===== Recorded data

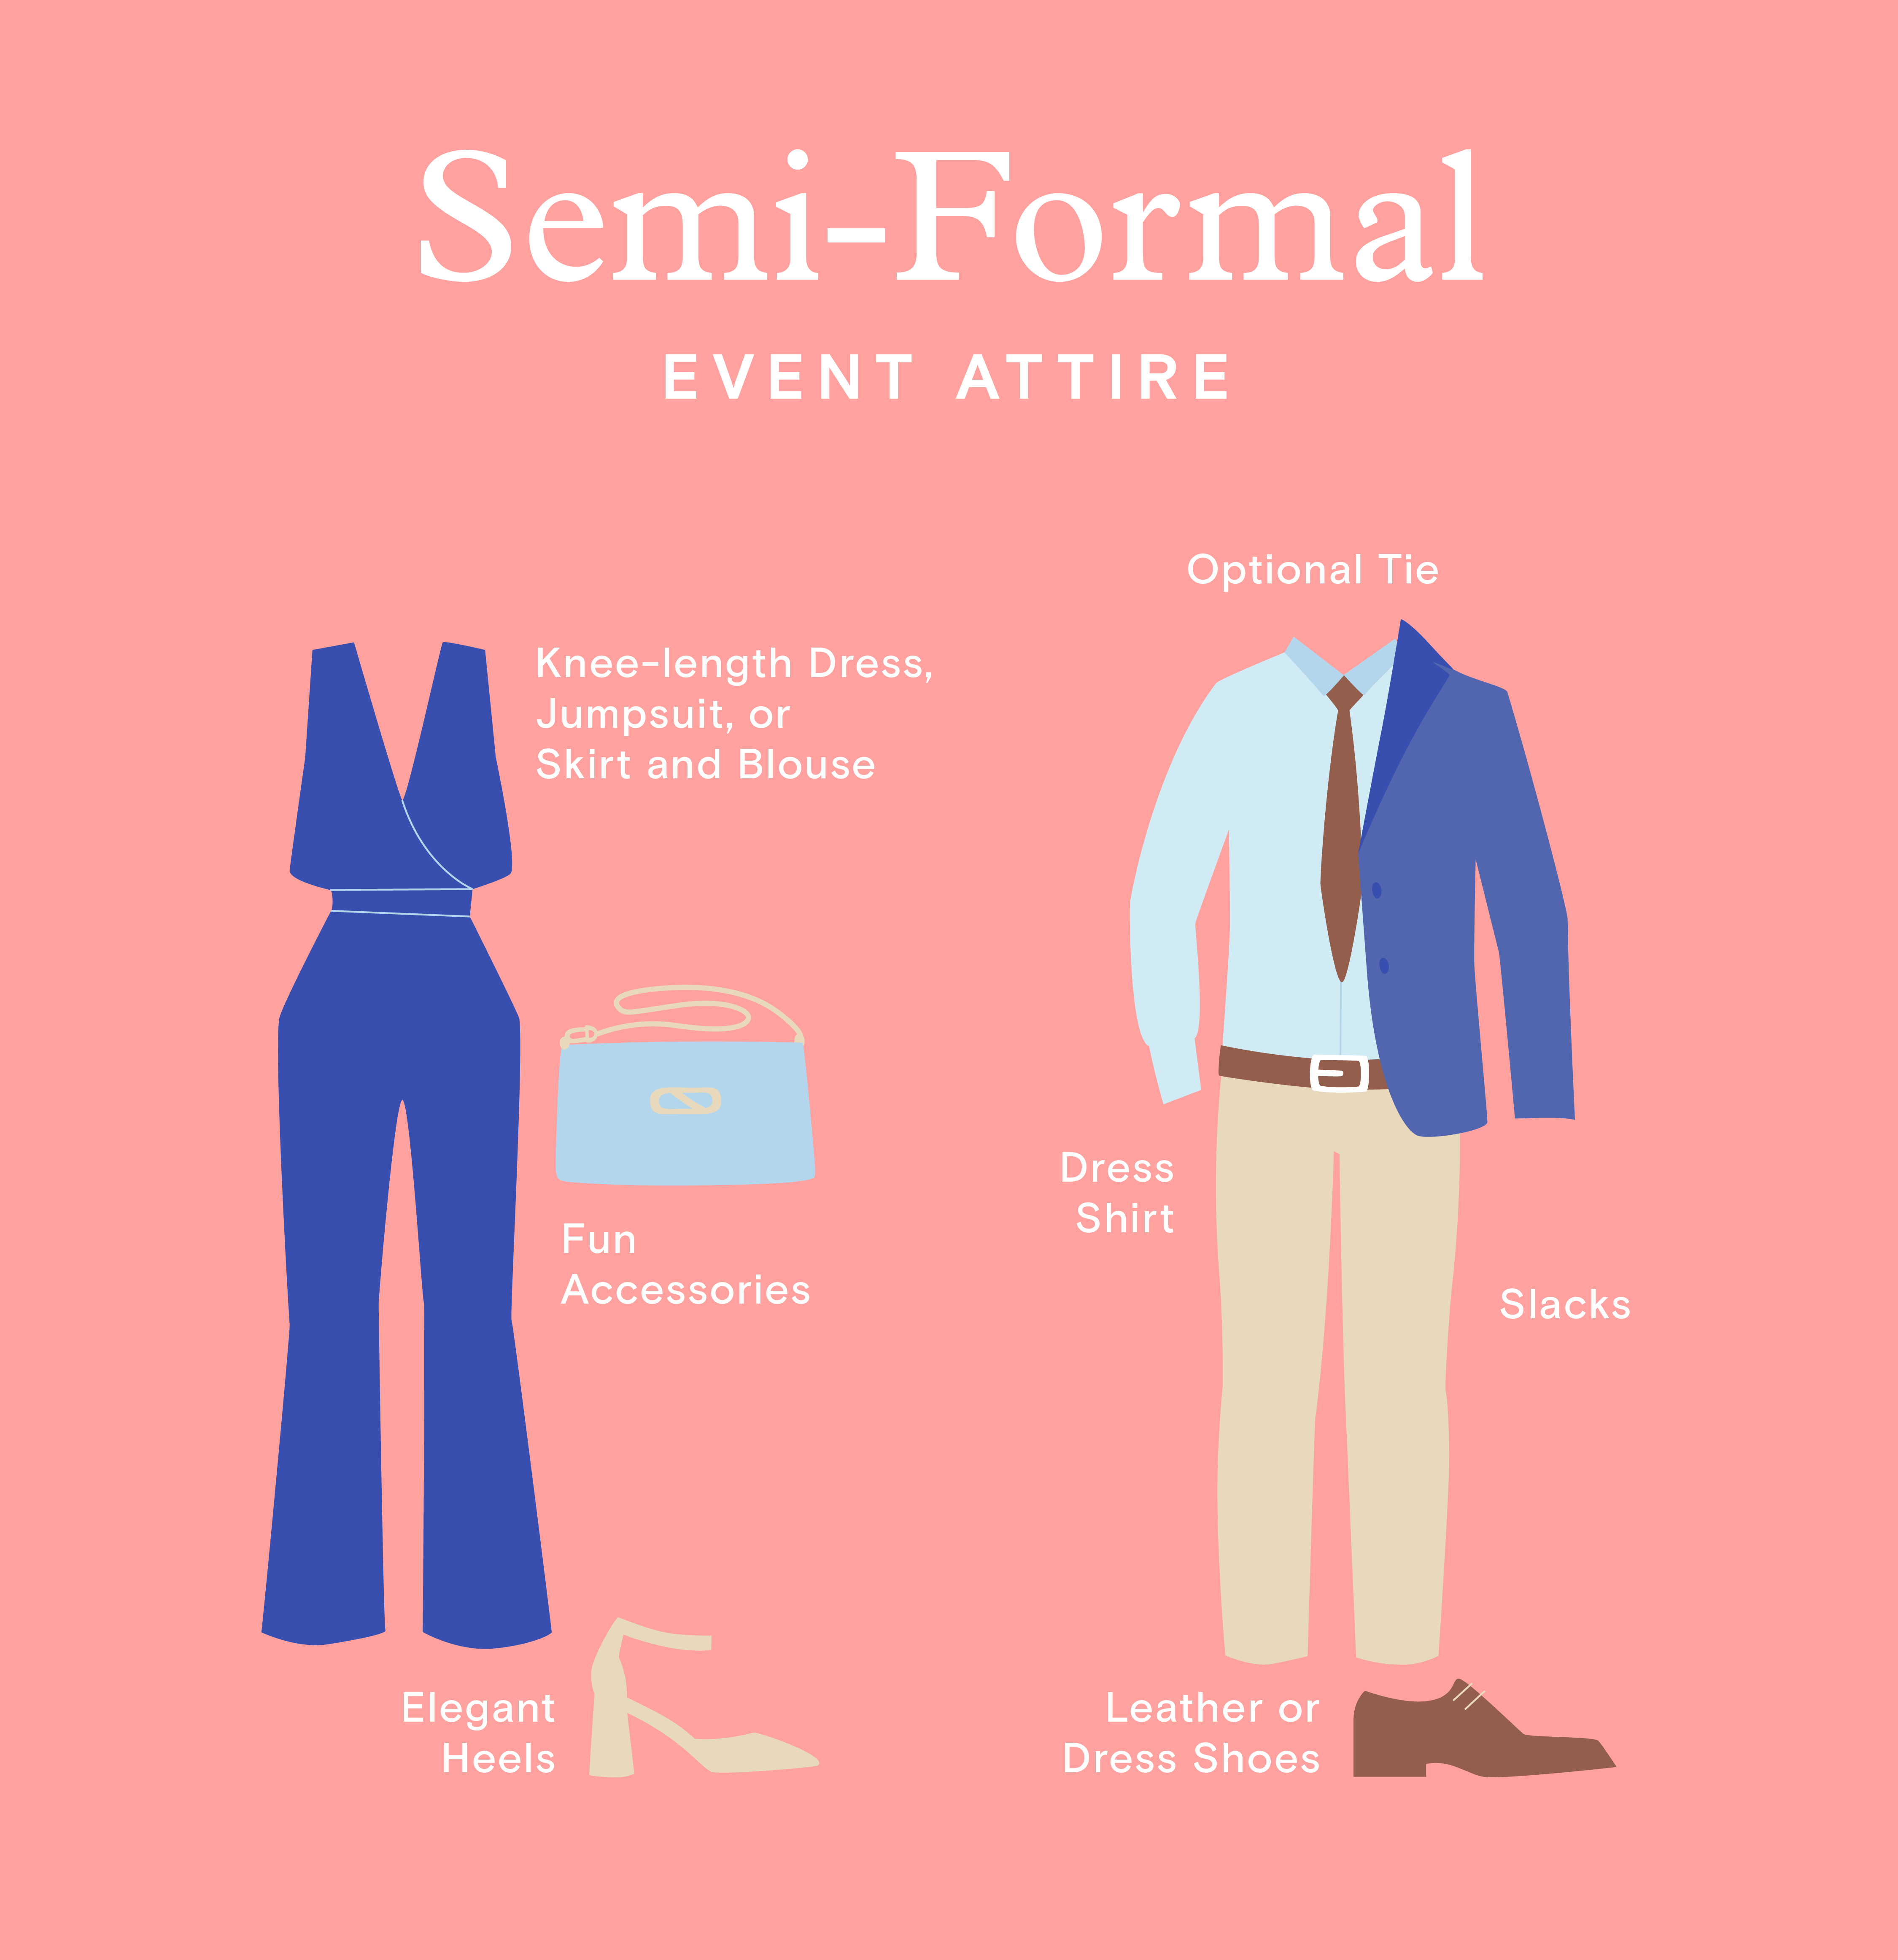 Wedding Dress Code: From Formal To Smart Casual
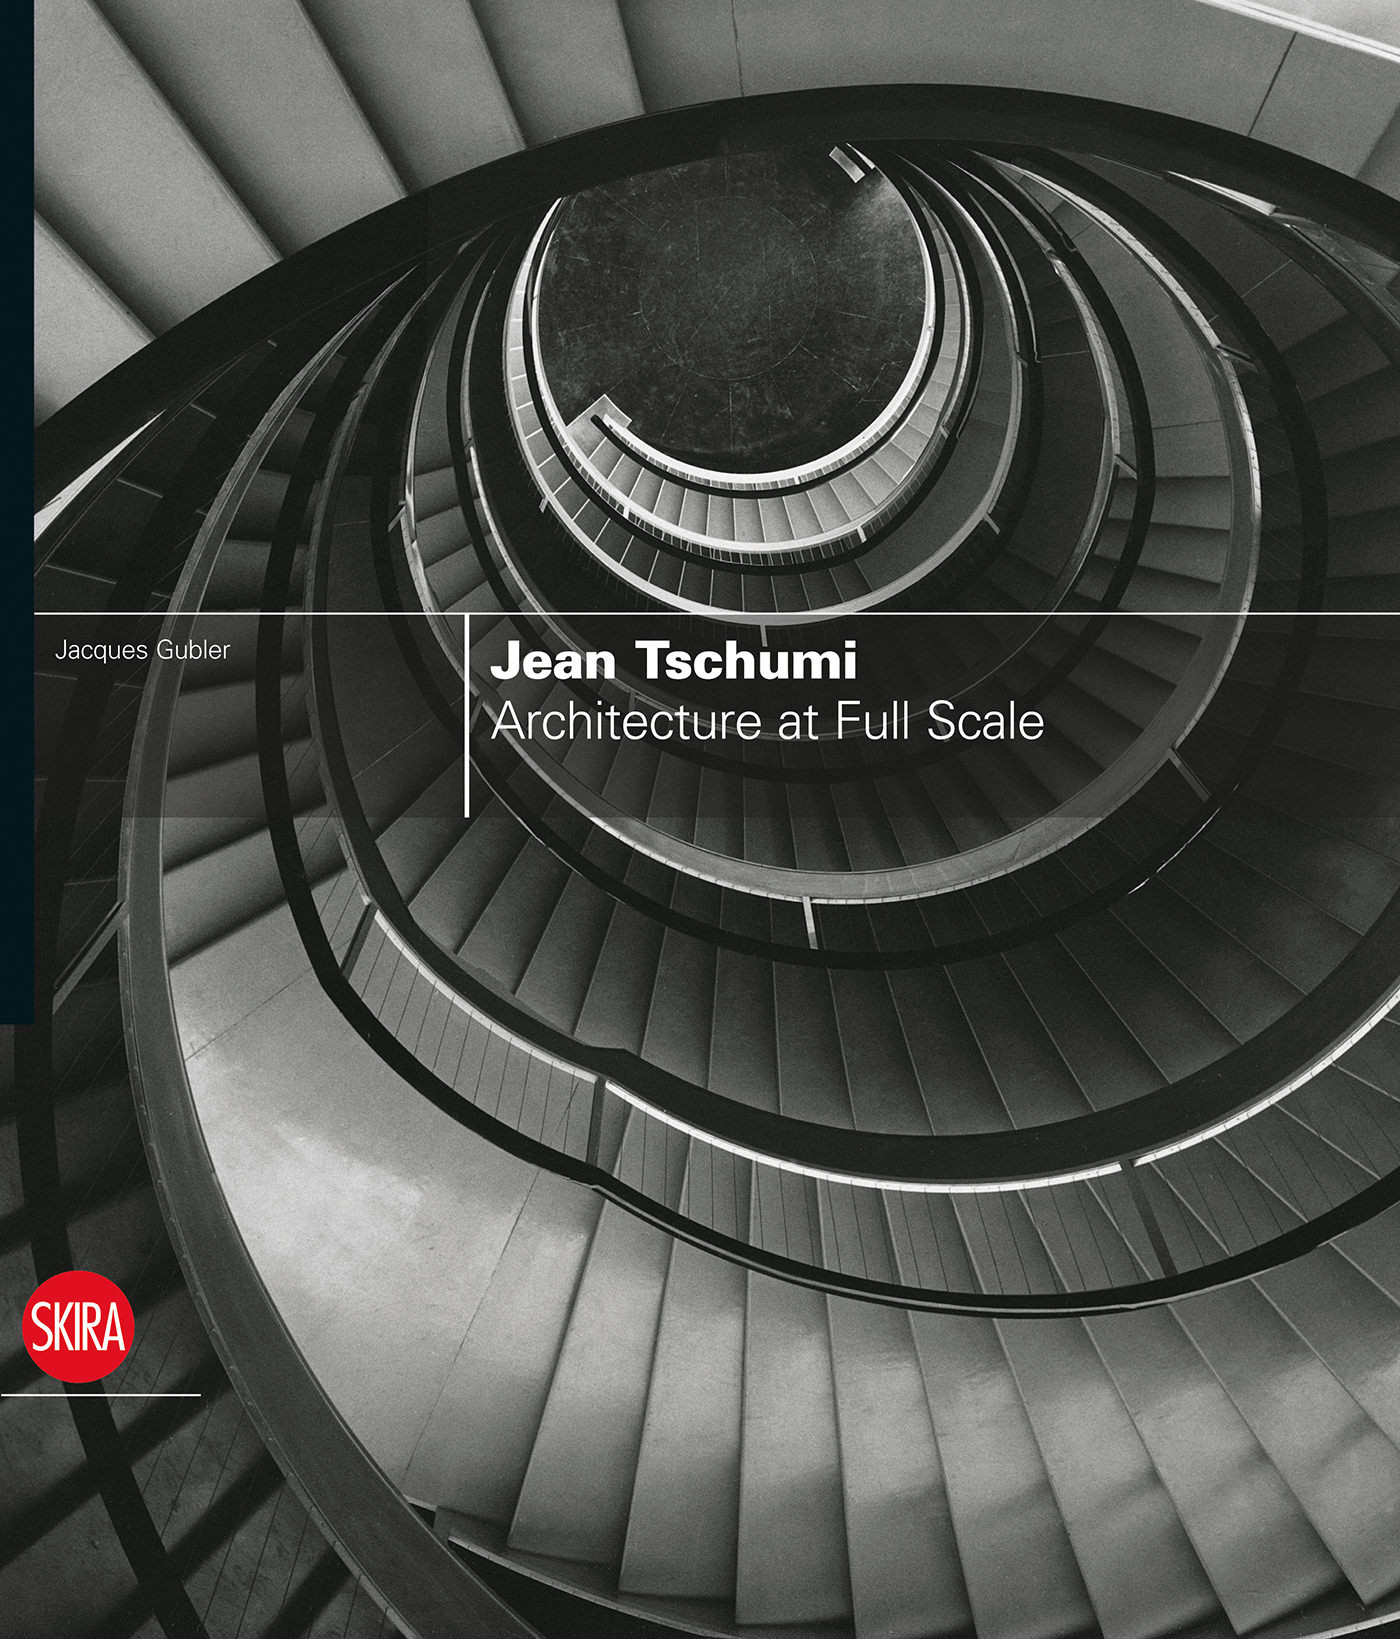 Jean Tschumi: Architecture at Full Scale
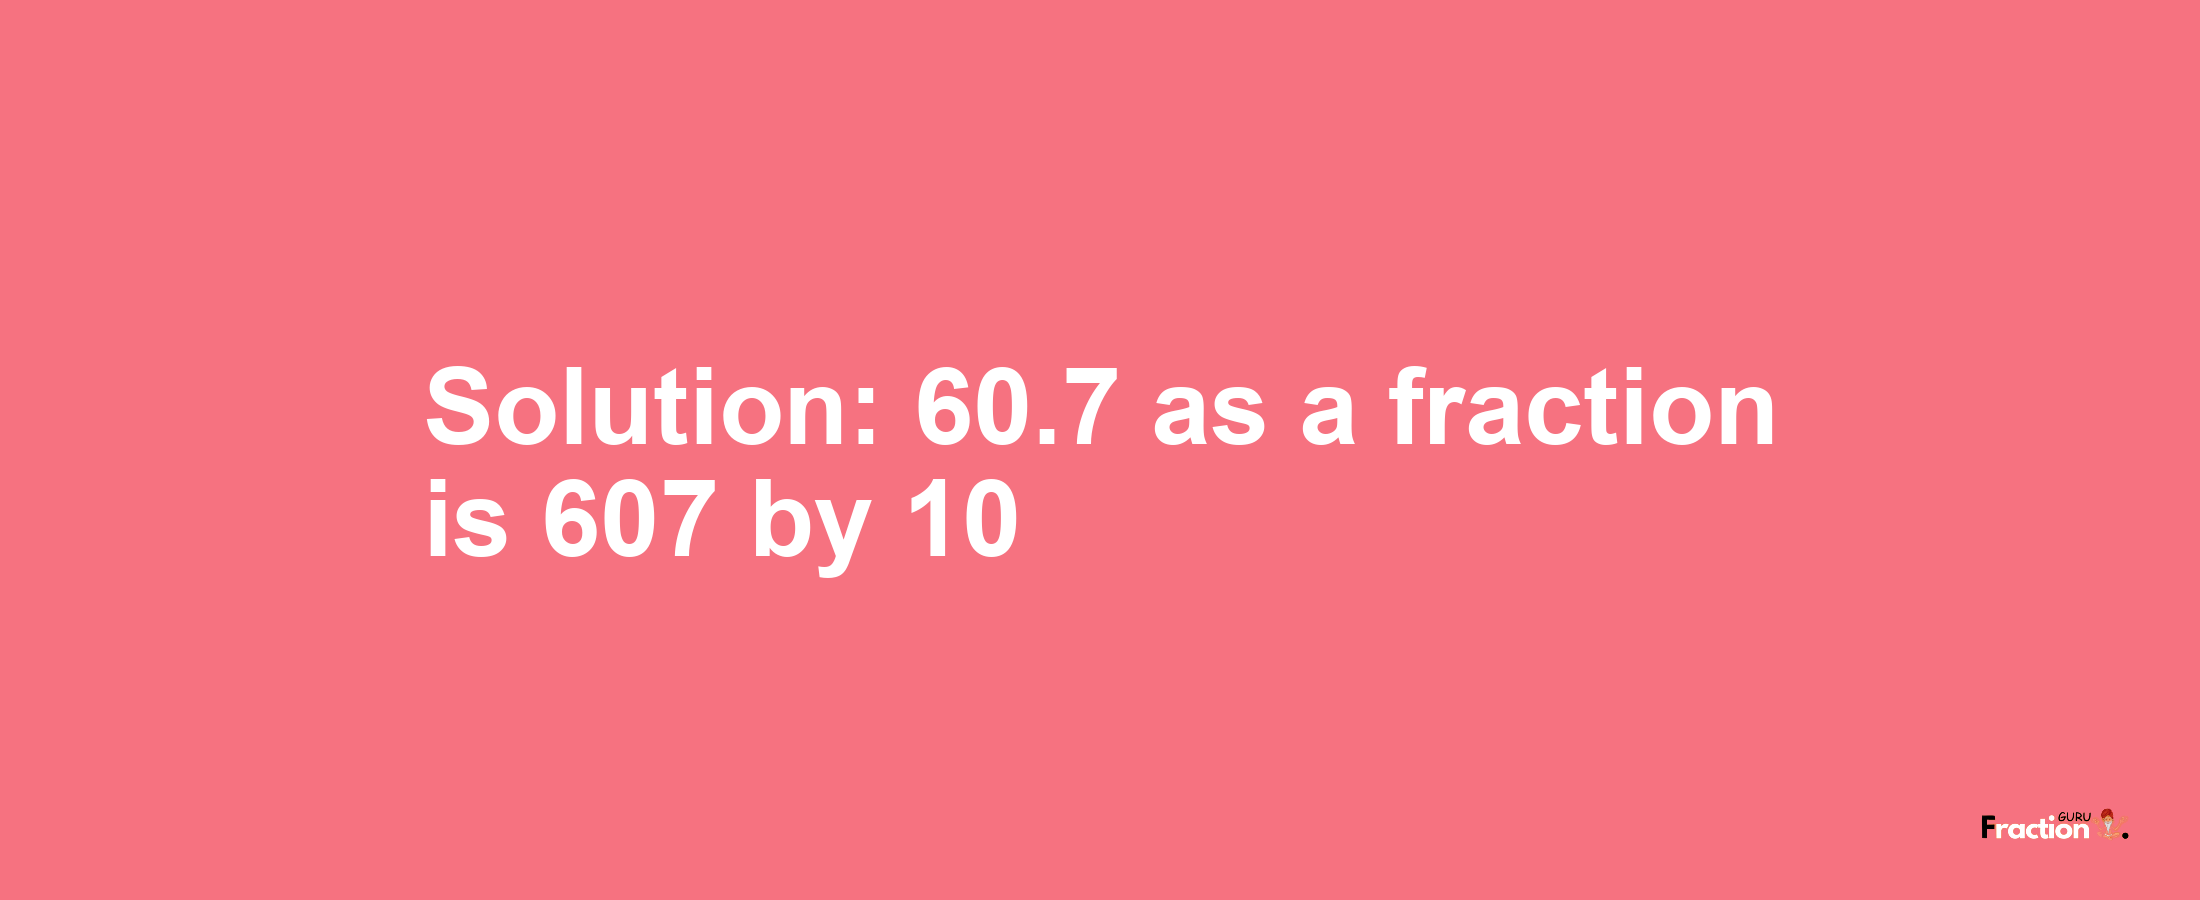 Solution:60.7 as a fraction is 607/10

==========

--- Task objective ---
Output nothing but the lines from the line with "Jean Tschumi: Architecture at Full Scale" through the last line of the material above, please, word for word and without the pictures.

--- Problem solution ---
 Jean Tschumi: Architecture at Full Scale
 Solution:60.7 as a fraction is 607/10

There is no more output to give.